- What is expected: Copy, word for word, the lines of the listing below from the line with "Johnson & Wales Woman's Basketball Team" up to and including the line with "Air Max 90 Premium". Drop the pictures.

- Task input:
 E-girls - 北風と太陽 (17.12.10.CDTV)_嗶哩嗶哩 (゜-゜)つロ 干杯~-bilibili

...

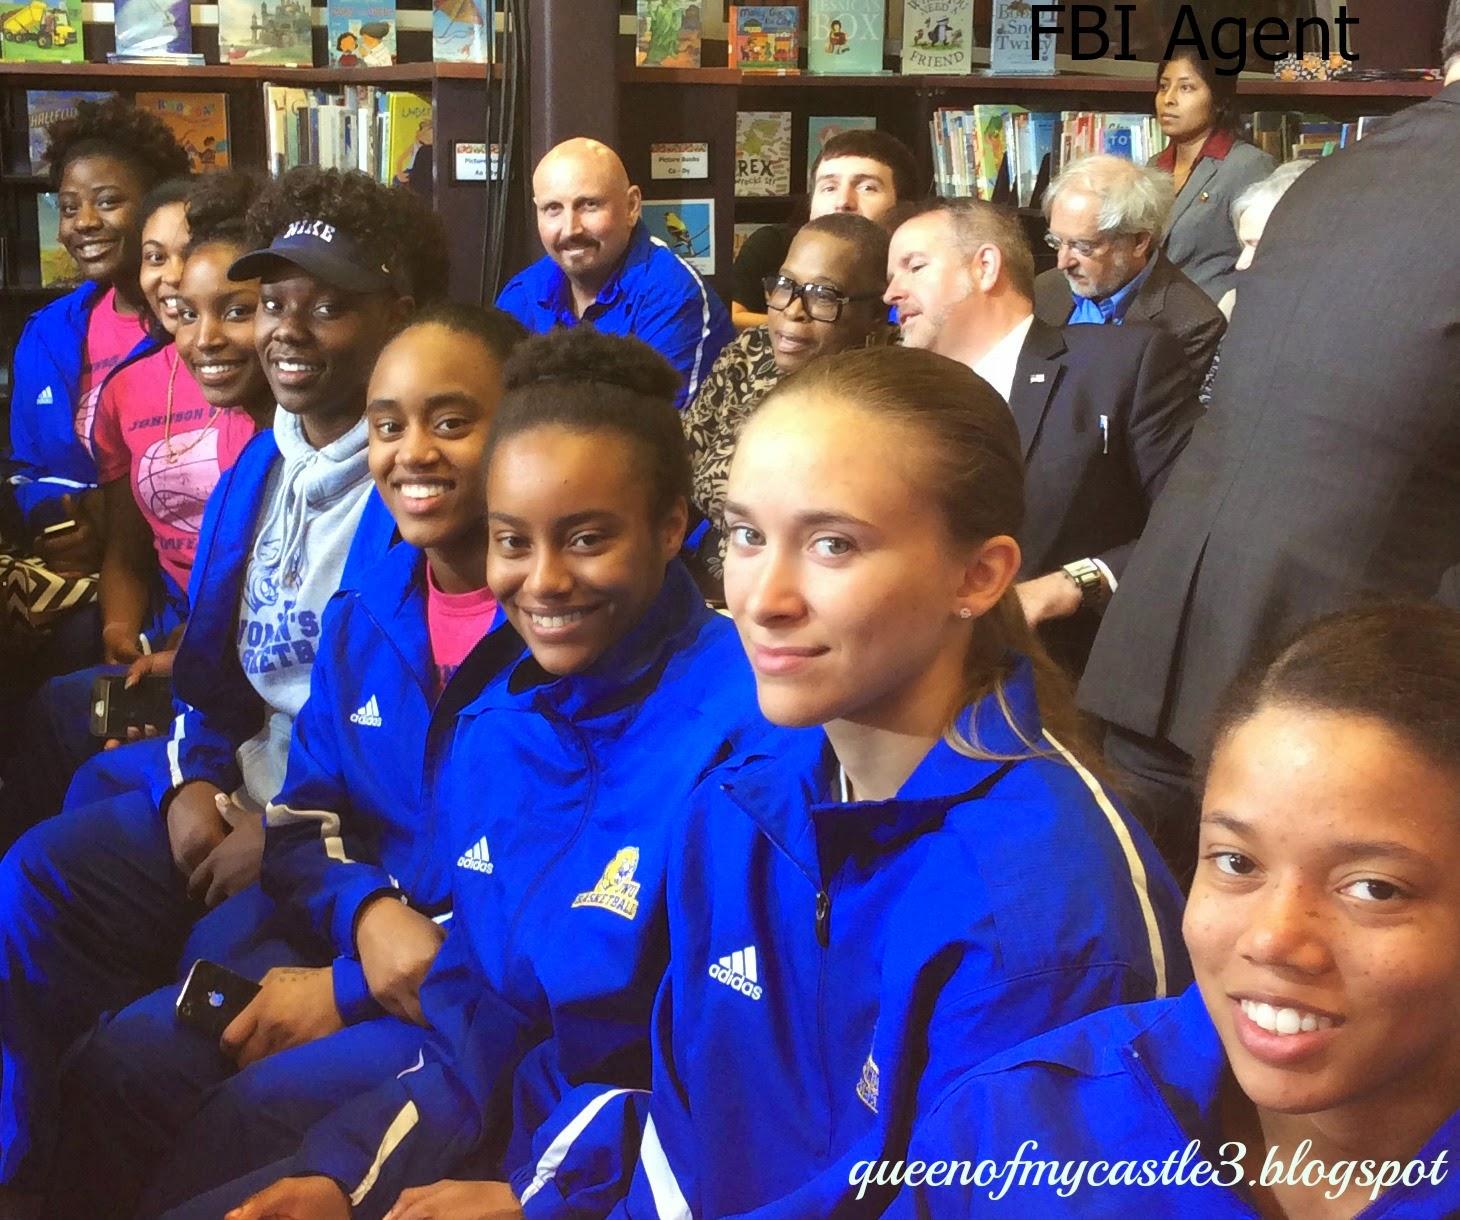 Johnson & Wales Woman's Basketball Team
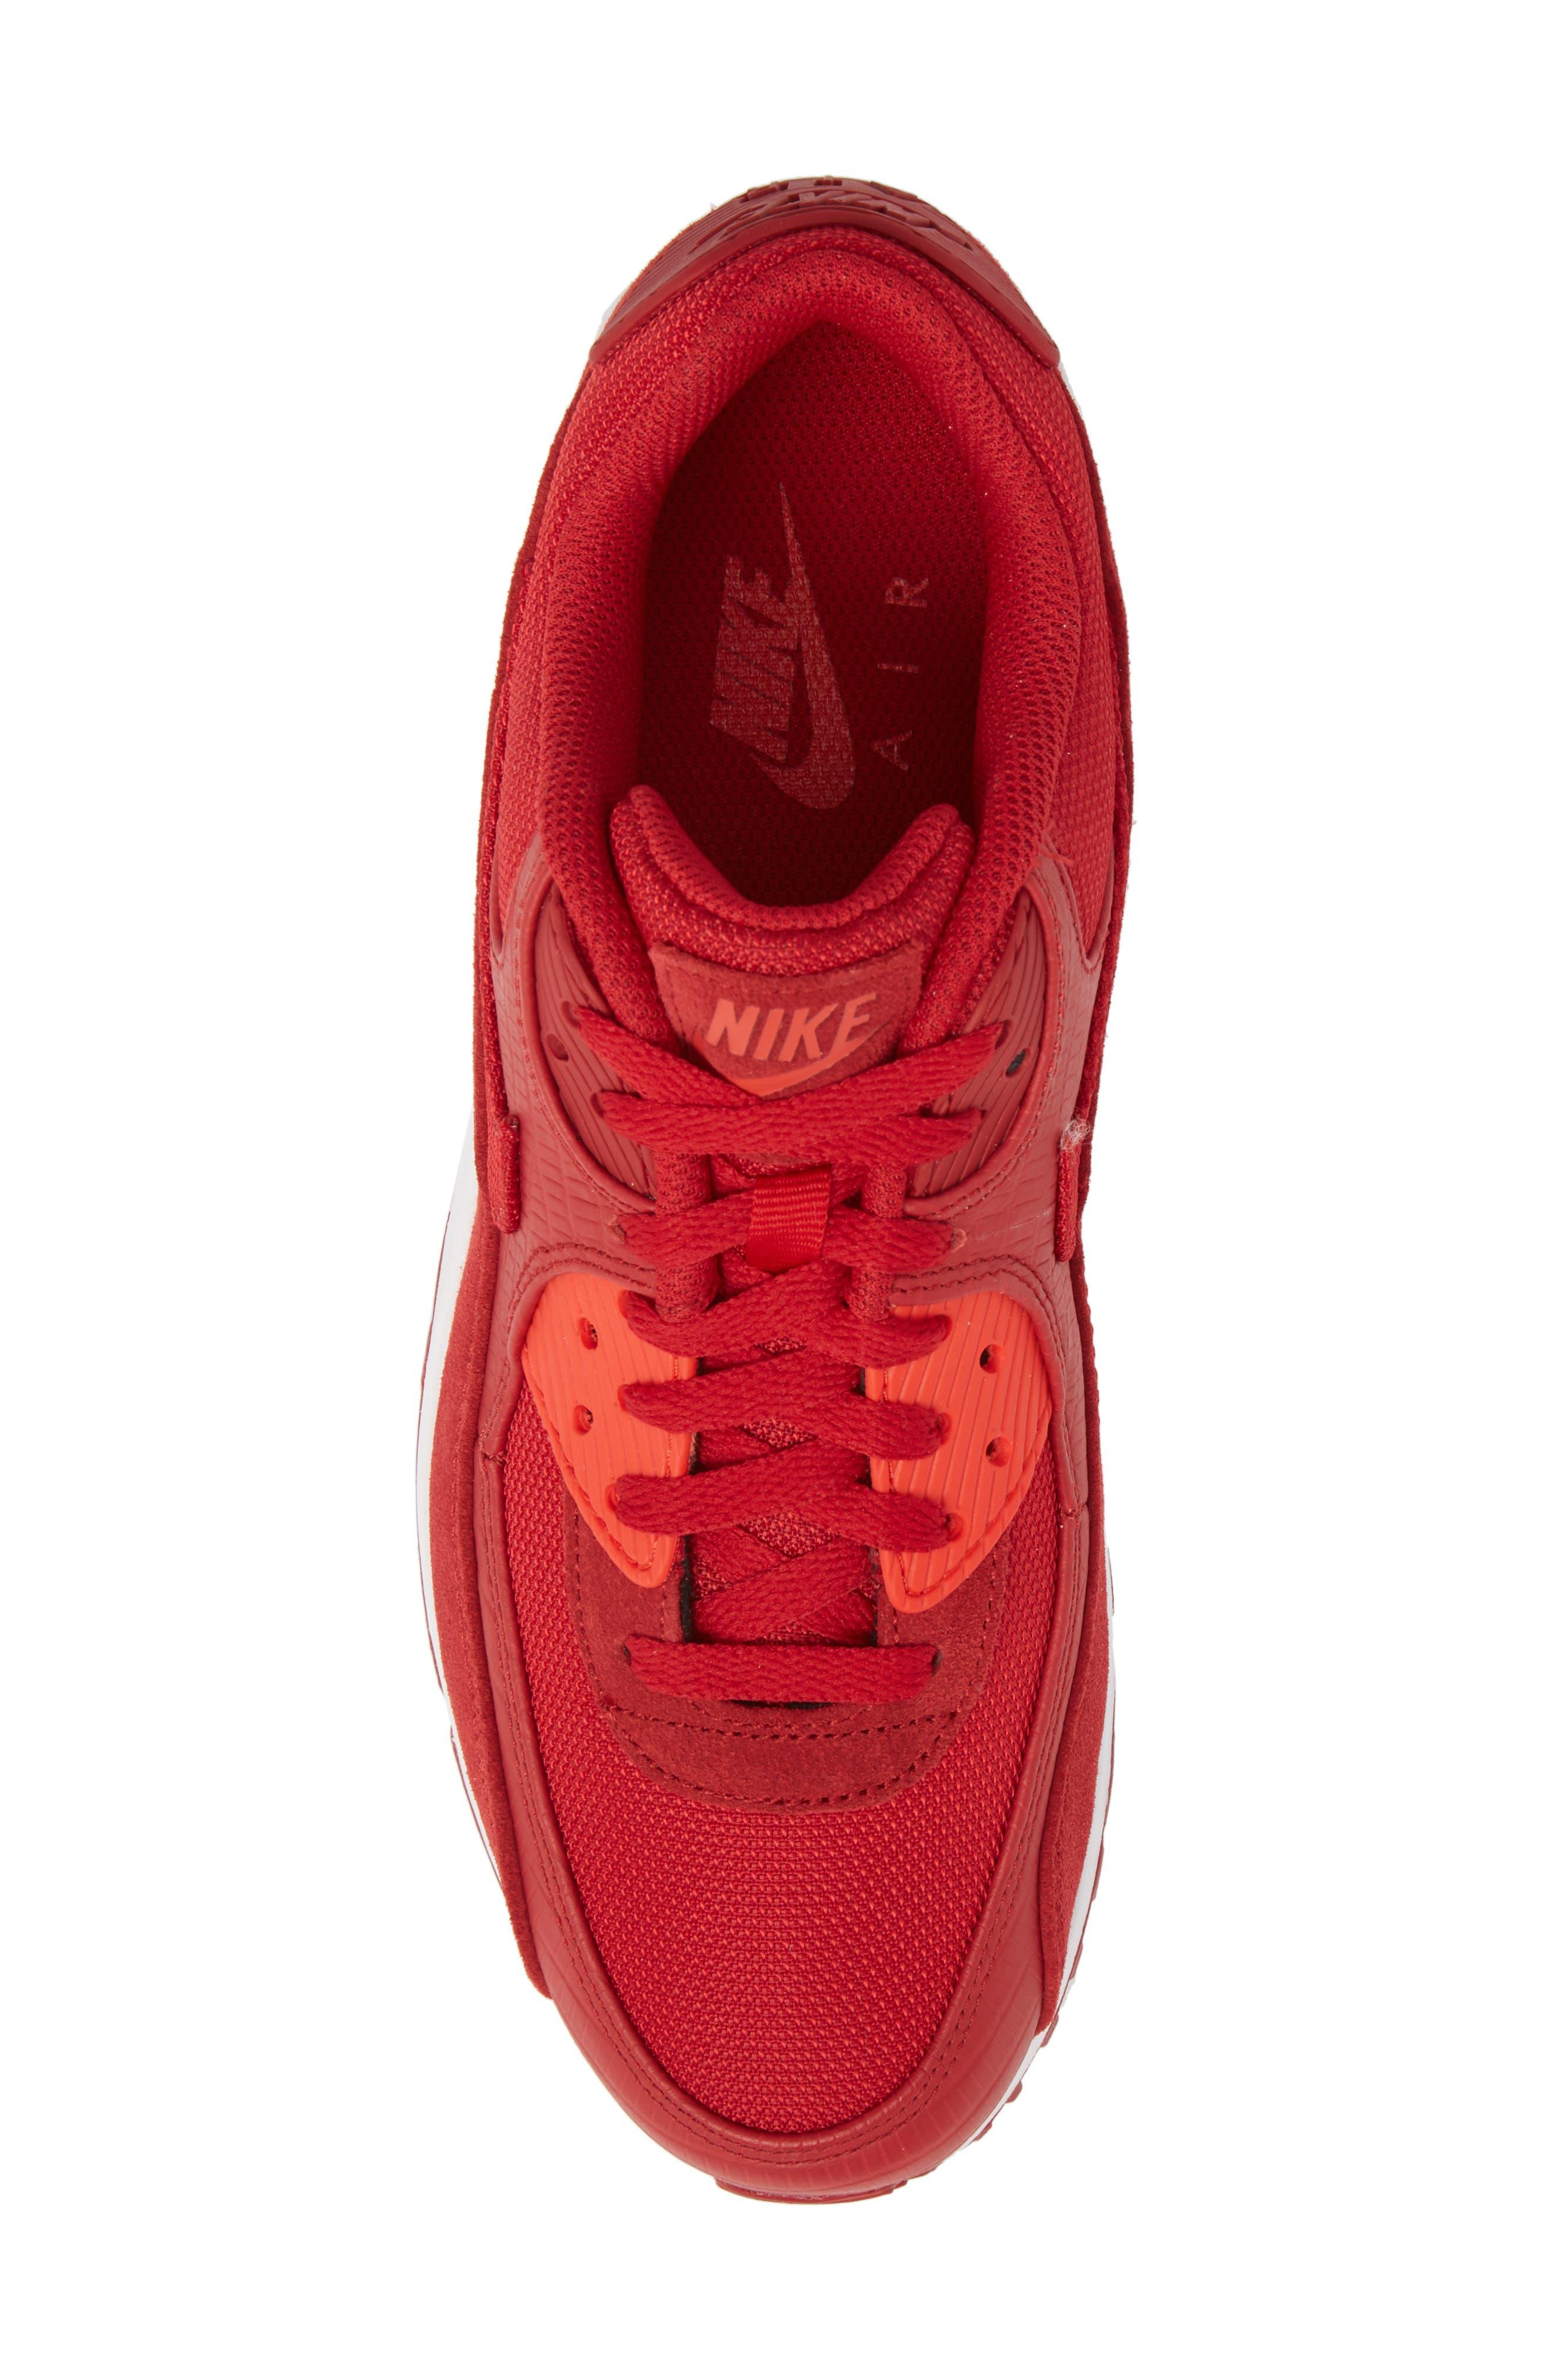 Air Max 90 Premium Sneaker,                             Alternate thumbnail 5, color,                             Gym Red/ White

- Task solution:
 Johnson & Wales Woman's Basketball Team
 Air Max 90 Premium Sneaker,                             Alternate thumbnail 5, color,                             Gym Red/ White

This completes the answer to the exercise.